The troubled BISX-listed bank began to return to profitability in its fiscal year 2018 after suffering five years of consecutive net losses.
During the fiscal year 2020, the Bank recorded a net income of $2.2 million for the six months ended December 31, 2019.
BOB’s managing director Kenrick Brathwaite said: “We remain committed to our expanded Strategic Plan which encompasses the strengthening of our systems, products and overall customer service.
“Comparing the current period ended December 31, 2019 to the prior period ended December 31, 2018, the Bank’s total operating income increased by $1.9 million or 19.37 percent for the current quarter and $2.7 million or 13.80 percent for the current fiscal year to date, explained largely by the $1.0 million increase in net interest income and $0.9 million increase in net non-interest income for the quarter; and $2.0 million and $0.8 million increases in net interest income and non-interest income year to date, respectively.”
Brathwaite said: “The positive variance in net interest income year to date was due to an increase in interest revenue by $1.3 million primarily from consumer loans interest income as a result of the Bank’s consumer loans campaign; and lower interest expense by $0.7 million due to certain interest rates and deposit base reduction.

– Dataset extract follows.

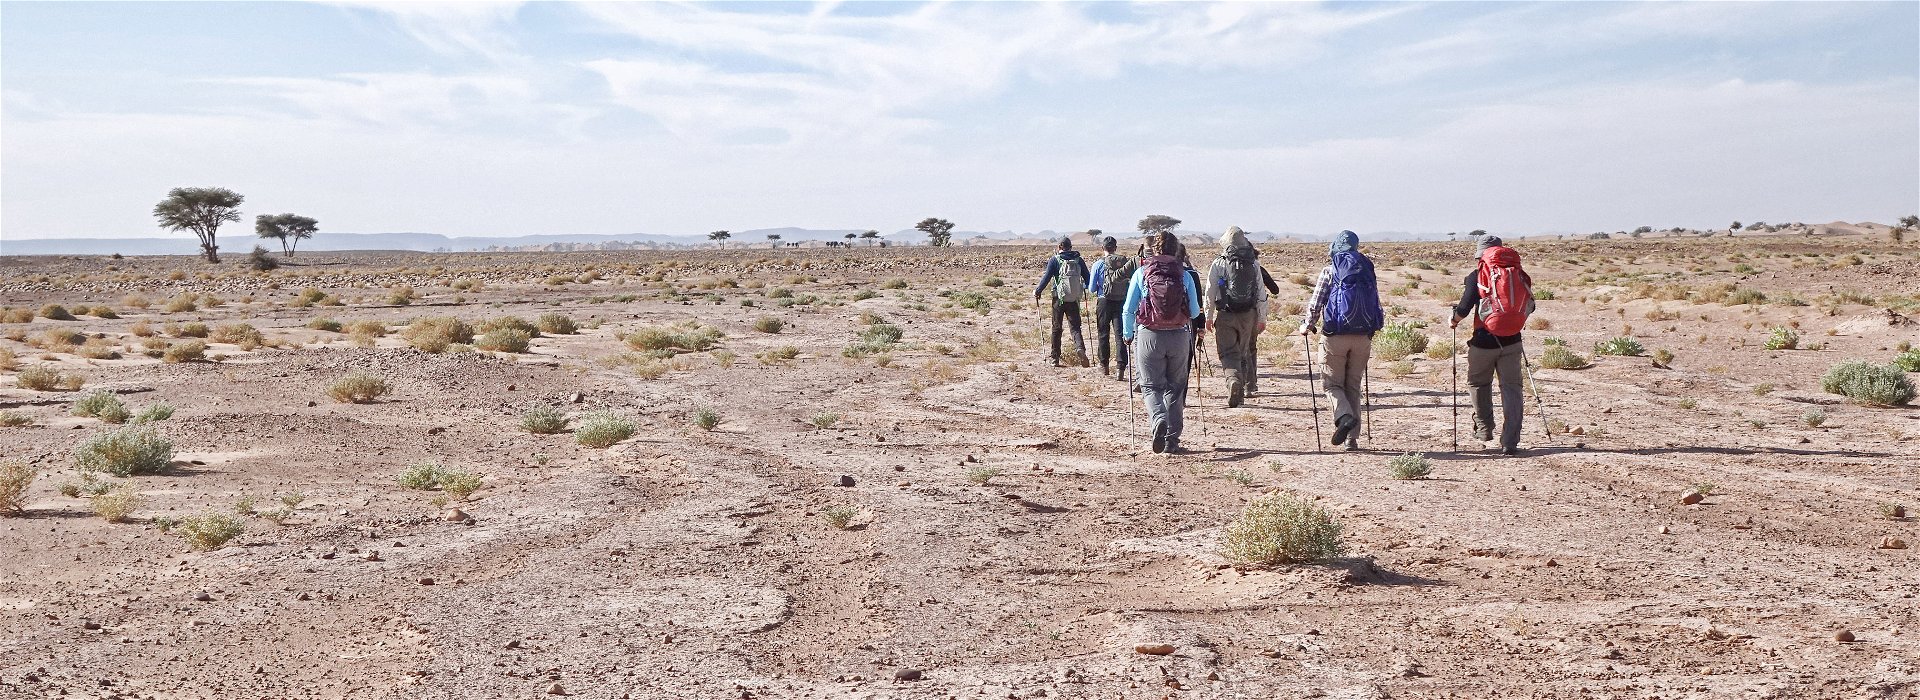 5 top destinations for a desert trek

“The Bank’s net non-interest income also increased year to date primarily due to the gain on the sale of the Bank’s Trust business and higher fees and commission income,” he continued.
“The Bank’s operating expenses increased by $0.6 million or 8.39 percent for the quarter and $1.3 million or 9.81 percent year to date largely owing to the increase in employee expenses, consistent with the Bank’s initiative to support the planned growth.
“Net credit loss expense for the quarter ended December 31, 2019 increased by $1.5 million or 143.89 per cent compared to the quarter ended December 31, 2018; and $3.0 million or 140.51 per cent increase for the six months period ended December 31, 2019 versus December 31, 2018 due to the provision impact of the last hurricane and the IFRS 9 provision impact related to the overall portfolio growth.”
According to Brathwaite, the bank continues to maintain a strong financial position with total assets of $866 million, with the composite of loans and advances, net of $363.2 million as at December 31, 2019, which showed $47.9 million or 5.85% percent and$19.1 million or 5.54 percent increase, respectively, since June 30, 2019.”
He said: “The Bank’s liquidity position also remained strong as its cash and cash equivalents stood at $212.5 million, which showed a $55.0 million or 34.93 percent increase since June 30, 2019.
“The Bank’s key capital ratios continued to be in compliance with regulatory requirements, with CET1 Ratio of 40 percent, well above the Central Bank’s minimum requirement of 9.6 percent. The Bank’s total equity closed at $163.5 million, higher than the June 30, 2019 balance of $161.5 million, as net income of $2.2 million is reported for the period.”